Have you ever heard of a 'red herring'?  It describes a tactic that is used to draw a person's attention away from the original theme of the arguement.  Comparing murder and homosexuality is frankly like comparing apples and elephants.  Not even in the same ballpark.   Murder is taking someone's life away from an individual.  The only example I can think of where someone can impose their sexuality on another is through rape, and we all know that heinous act crosses all borders, races, creeds, and orientation.

The idea that athiests do not have a true point of view regarding morality does not take into account the individual's need for self preservation and consideration for others.  That statement pretty much compares athiests to amoeba, which I assure you they are not.  Athiests, like anyone, live in a society bound by rules and law (that are not all created through religious beliefs...show me the bible verse about parking meter bylaws and I'll show you a three dollar bill ).  Ethics are not bound by whether or not you have a particular religious creed (in this case I'm assuming you mean the Bible).  It is part of what is commonly known as the Collective Unconscious of the human species.  It is where we share our commonality as a species, and where the golden rule comes from ("do unto others....").  It's why the same ethical laws have cropped up across the globe no matter where you go.  We also have a conscious in our Ego that ideally creates a stop-gap against letting our instincts take over and getting us into trouble.  In a healthy individual, the ego rules the id, that is to say the consciousness rules the instinct.  A great way I heard this put is that the id tells you it's hungry, but it's the ego that can use the can opener.     that is not to say that we should ignore our id.  without it, we would not have the instinctual drives that we need to survive.

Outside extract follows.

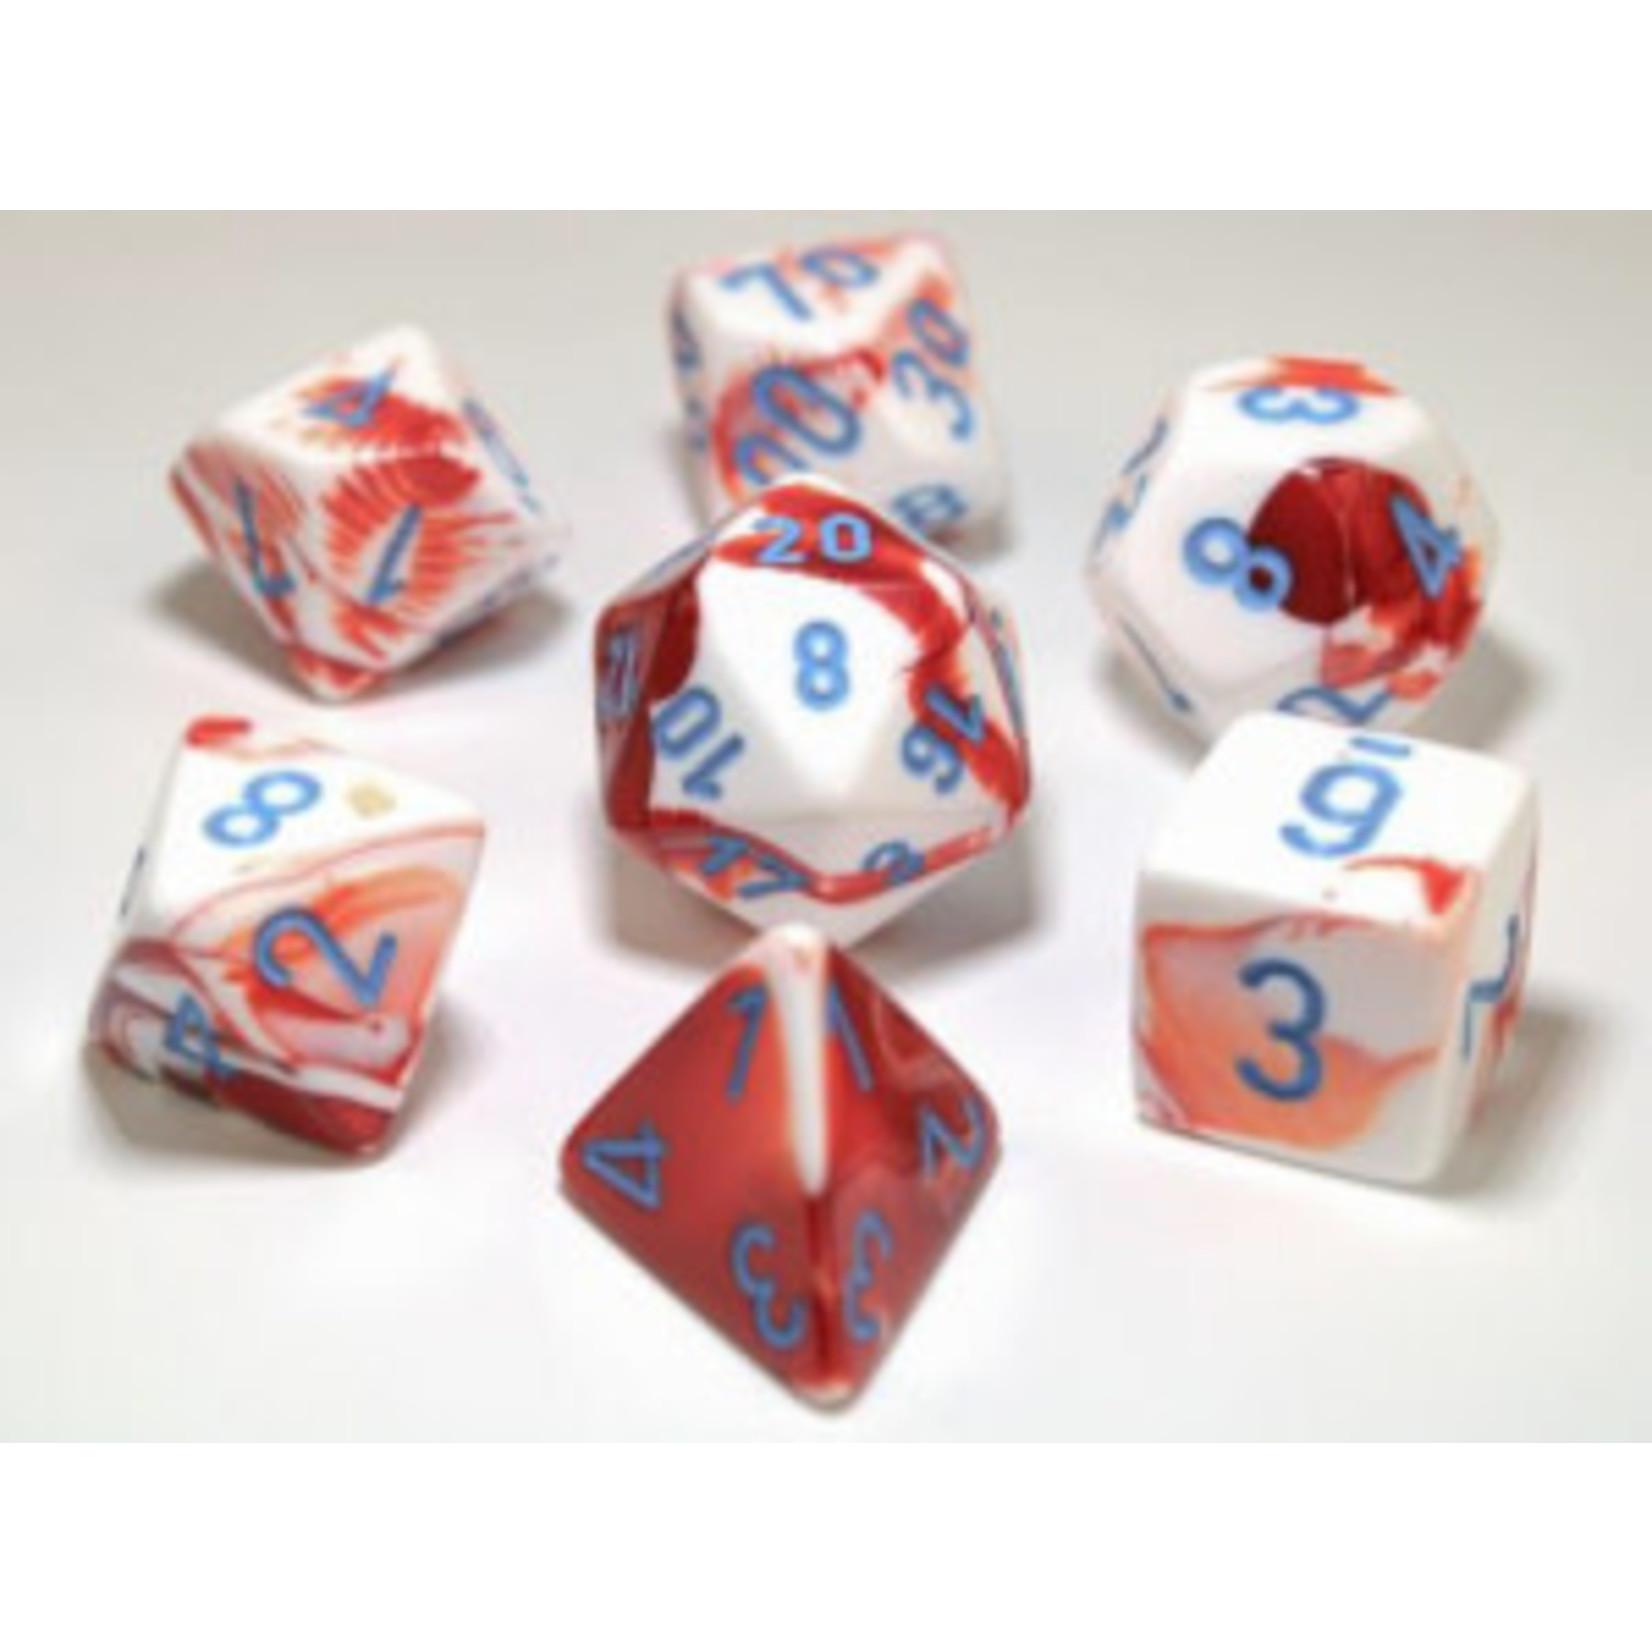 Chessex Lab Dice - 7D Gemini Red-White/Blu

I hate to break it to you kiddo, but you did not look through an athiest's eyes.  You looked at an athiest's stance through Christian eyes.  I've read your posts and honestly I can't see you stepping back and even trying to comprehend where others are coming from, and worse still you are imposing your own sense of morality on others who do not share your views by using misinformation and, frankly, some very insulting insinuation.

I say quit while you're ahead.  You'll be better off for it. :grin:

Blessed be,


CAT


----------



## Xipoid (Jul 16, 2008)

MauEvig said:


> But if you steal something knowing what it is, that is also technically imposing your will upon someone else as well. Let's say you steal someone's identity and their money. You think that's wrong or that it's subjective too?
> Why then is it that it's automatically wrong to kill someone, and not wrong to steal?
> But right and wrong are subjective right? So following that logic, so should murder be subjective.
> But that's an entirely different argument, I only wanted to imply that right and wrong were not merely subjective.
> ...




 1. Poisoning the well will not help you here.

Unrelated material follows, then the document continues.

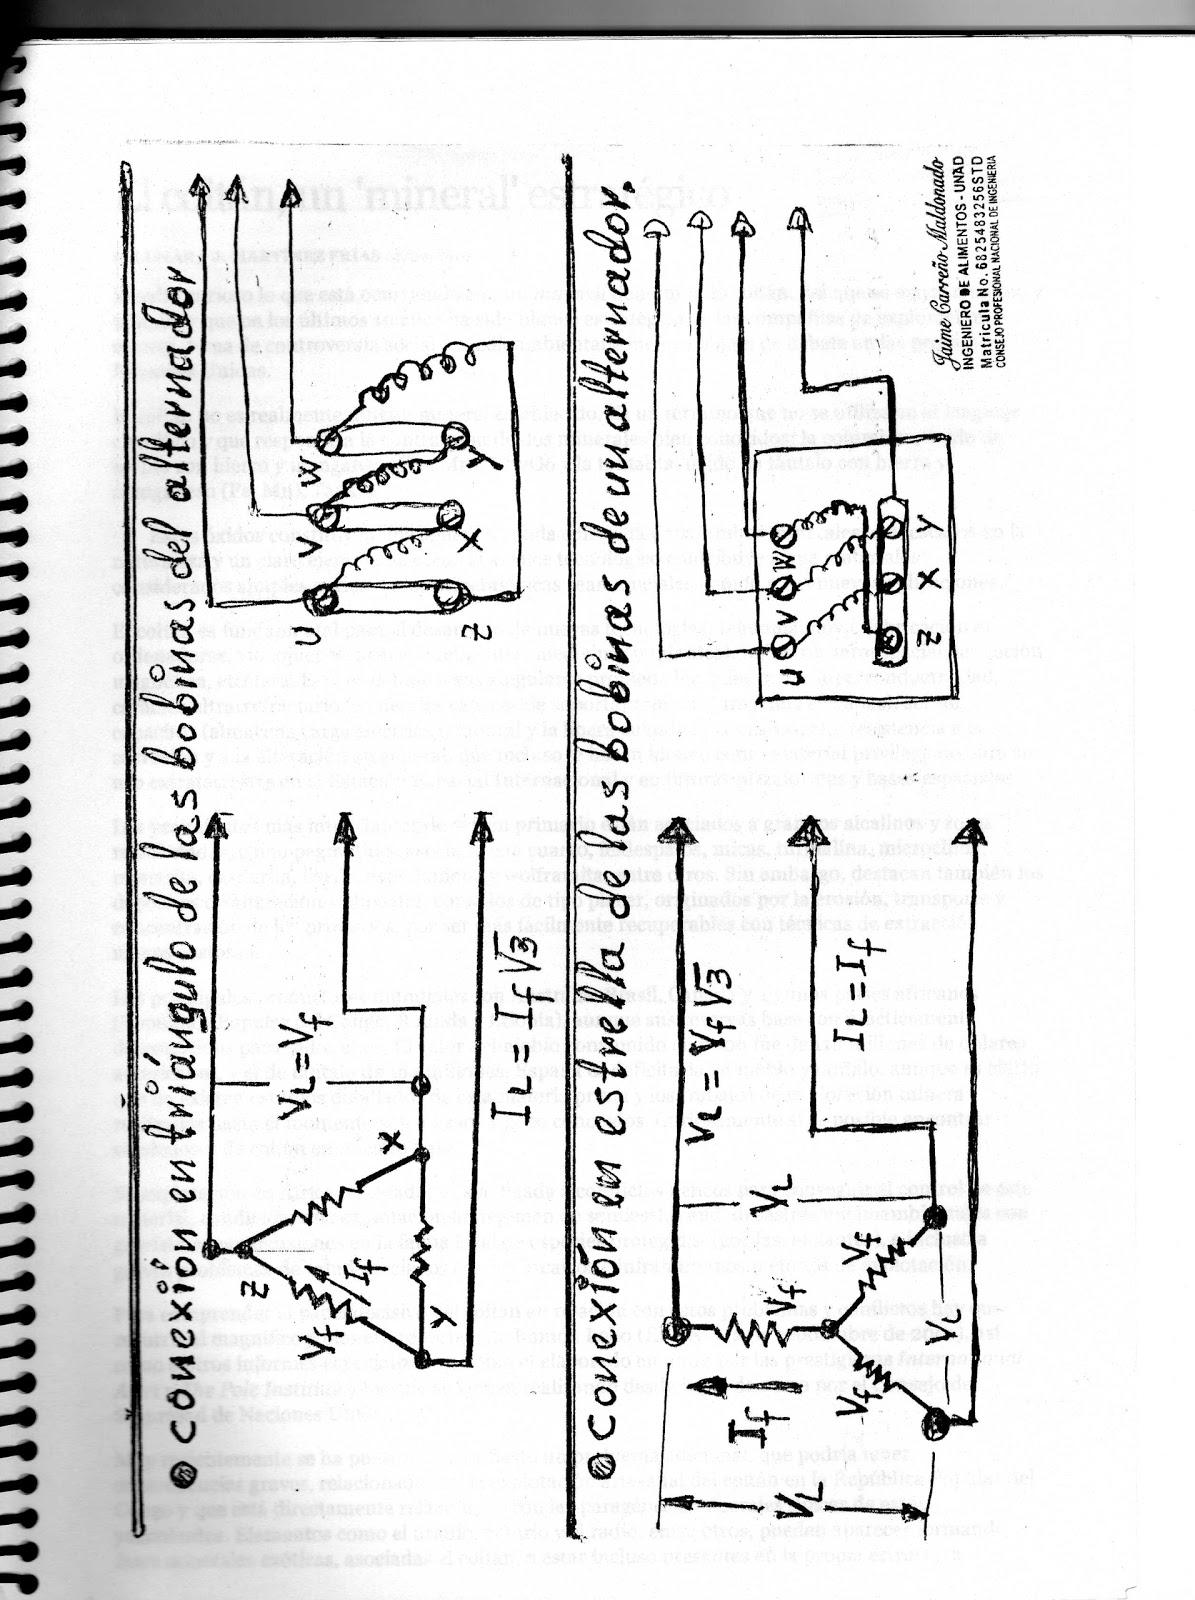 INVESTIGACIONES JAIME: Conexiones triángulo/estrella en

2. Christian philosophy (should it exist) is not more accurate in a logical sense. In reality, it is the opposite of logical because you assert a conclusion and support it with a _completely unsupported and unaccredited book based off circular logic, question begging, and appeal to consequence_.

3. If killing is automatically wrong, then so is killing in self-defense.

4. Morality is subjective. Just look at abortion debates.

5. Murder is objective because it has a well-defined, clear definition ("the unlawful killing of another human"); however, how right/wrong murder is subjective. See: Intent and circumstance

6. Attempting to look into the mind of an atheist (or anyone else) will just lead to straw men and/or ad hominems, unless you have telepathy.

7. Right and wrong's subjectivity is the argument here. You are attempting to prove why homosexuality is wrong. Your opponents are trying to prove why right and wrong are subjective, which would make your argument inconsequential and invalid. You cannot simply ignore/dismiss their argument without proper reason unless you wish to be ignored/dismissed yourself.



MauEvig said:


> Atheists can't really have a basis of what right and wrong is because nothing can really tell them except themselves, and that in my opinion is invalid. They can't argue homosexuality is wrong. I did NOT say right and wrong did not exist, but merely that the atheist and I mean a true atheist should not have a sense of true right and wrong, or even morality.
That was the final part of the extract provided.